“The corporate veil” is the term used to describe the way that the liability of shareholders of a company is limited to their ownership in the company and does not extend to their personal assets. In one sense the “corporate veil” is a way of affirming that a corporation is a legally distinct entity, capable of incurring its own debts and obligations separate to those of it shareholders. The “corporate veil” is an important and valuable protection that is established when a corporation, LLC, or Limited Partnership is incorporated.
When a creditor or another party seeks judgment from a court to make the shareholders, directors, or officers of a corporation personally liable, they are asking the court to pierce the corporate veil.
This article will focus on maintaining the corporate veil (and preventing it being pierced) after it has been established. Establishing a corporate veil requires that the company:
- File the Articles of Incorporation
- Hold organizational meetings
- Provide the corporation with competent initial management
- Issue the corporation’s shares of stock
If you are unsure whether your company has completed each of these qualifying steps, consult with your attorney. A failure to properly establish the corporate veil will likely result in business owners not being able to take advantage of the protections the corporate veil can provide.
How to Maintain the Corporate Veil?
The protection of the corporate veil is maintained by keeping and following corporate formalities. These nine rules provide a set of guiding operating principles for maintaining the corporate veil while conducting business through a corporation.

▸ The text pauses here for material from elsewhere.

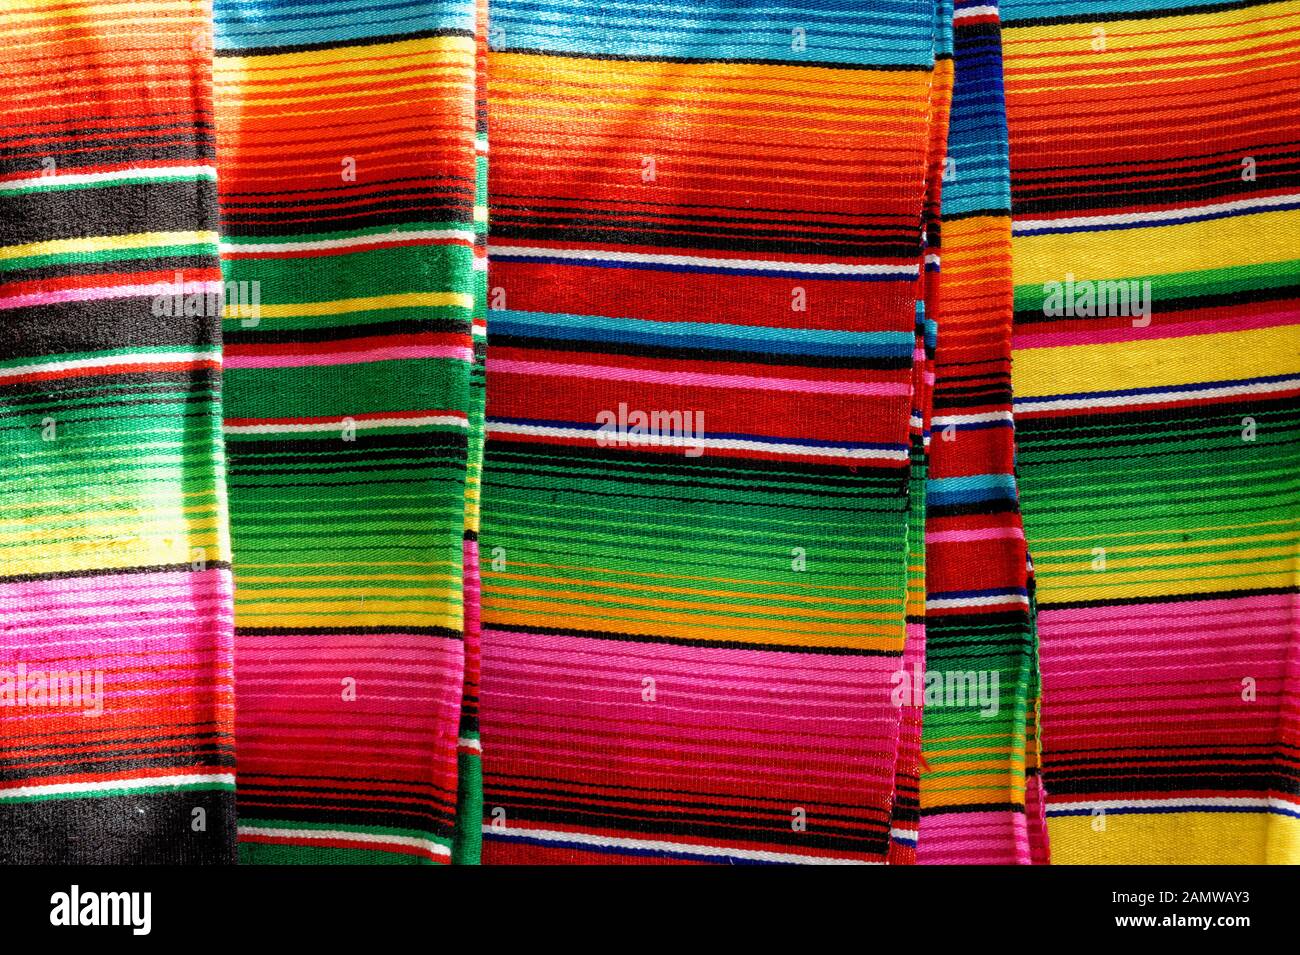 Colorful Mexican Blankets in Mercado 28 souvenirs and handicrafts market in Cancun, Mexico Stock Photo

- Fulfill all annual filing requirements. In many states, a corporation must file an annual report and pay an annual fee. If such filings are not completed in a timely fashion, the state may revoke the corporate charter and the corporation will cease to exist.
- Maintain internal corporate formalities. Corporate formalities include having a resident agent in their state of formation and in any state the company qualifies to do business in and establishing and following bylaws adopted by the Directors in their organizational meeting and provide the guidelines for the corporation’s future actions and corporate policy.
- Maintain a written record of corporate decisions. Formalities (including minutes) are required of corporations, but are advisable with LLCs. Even if a small group of people or a single person controls the corporation, it should conduct meetings and prepare records of such meetings. Shareholders and Directors conduct three types of meetings which should each be recorded through minutes of meetings: organizational meetings, annual meetings, and special meetings to discuss urgent items of business or to approve any legal or tax issues. Directors and/or Shareholders sign a document that contains the language of the corporation’s decision or resolution. Should a creditor seek to pierce the corporate veil at a later date, the corporation’s records will serve as evidence of its separate existence.
- Give corporate notice to the world. Individual Officers or Directors may be subject to personal liability if they act on the corporation’s behalf, but fail to clearly indicate that they are acting in their capacity as the corporation’s Officer or Director- this includes when signing contracts or otherwise obligating the company. If the corporation takes steps to ensure that others know that the corporation, and not an individual Officer or Director is acting, the corporate veil will be more likely to be preserved.
- Ensure the corporation has sufficient capital resources. A corporation should have sufficient resources to meet its short-term obligations. If the corporation is under-capitalized and cannot meet its short term obligations, a creditor may argue, and a court could accept the argument, that the corporation exists simply to help its owners shelter their assets.
- Maintaining a separation between corporate assets and personal assets. To prevent creditors from piercing the corporate veil, the corporation must maintain a separate bank account, file separate tax returns, and use corporate assets only for corporate purposes.
- Distributing corporate profits in the best interests of the company. All decisions regarding the distribution of a corporation’s profits or compensation for employees is subject to the discretion of the Board of Directors, and these decisions can be subject to review. A failure to make decisions in the company’s best interests can lead to the corporate veil being pierced.
- Separate bank accounts. Using a single bank account or co-mingling funds will give rise to the corporate veil being pierceable because the corporation is not being operated as a separate entity.
- Separate tax returns. Because you have obtained an EIN for your entity, you must now file a separate tax return with the IRS. Failure to file a separate return can lead to claims that you are not following corporate formalities. Speak with your attorney and your accountant if you have questions about tax filings.
Consequences and risks
If you or the corporate officers of a company fail to maintain the corporate veil, it can be pierced rendering the company’s shareholders personally responsible to the company’s creditors. This can bankrupt an individual.
Small LLCs are most likely to get their veils pierced. Small corporations are less likely to follow through on corporate formalities which make them more vulnerable to a piercing of their corporate veil. To avoid trouble, it’s best to play it safe. Small business owners may be more likely to commingle their personal assets with those of the corporation or LLC. To avoid trouble, the corporation should maintain its own bank account, and the owner should never use the company account for personal use or deposit checks payable to the company in a personal account.
If you have any questions about maintaining the corporate veil for your corporation, speak with your attorney.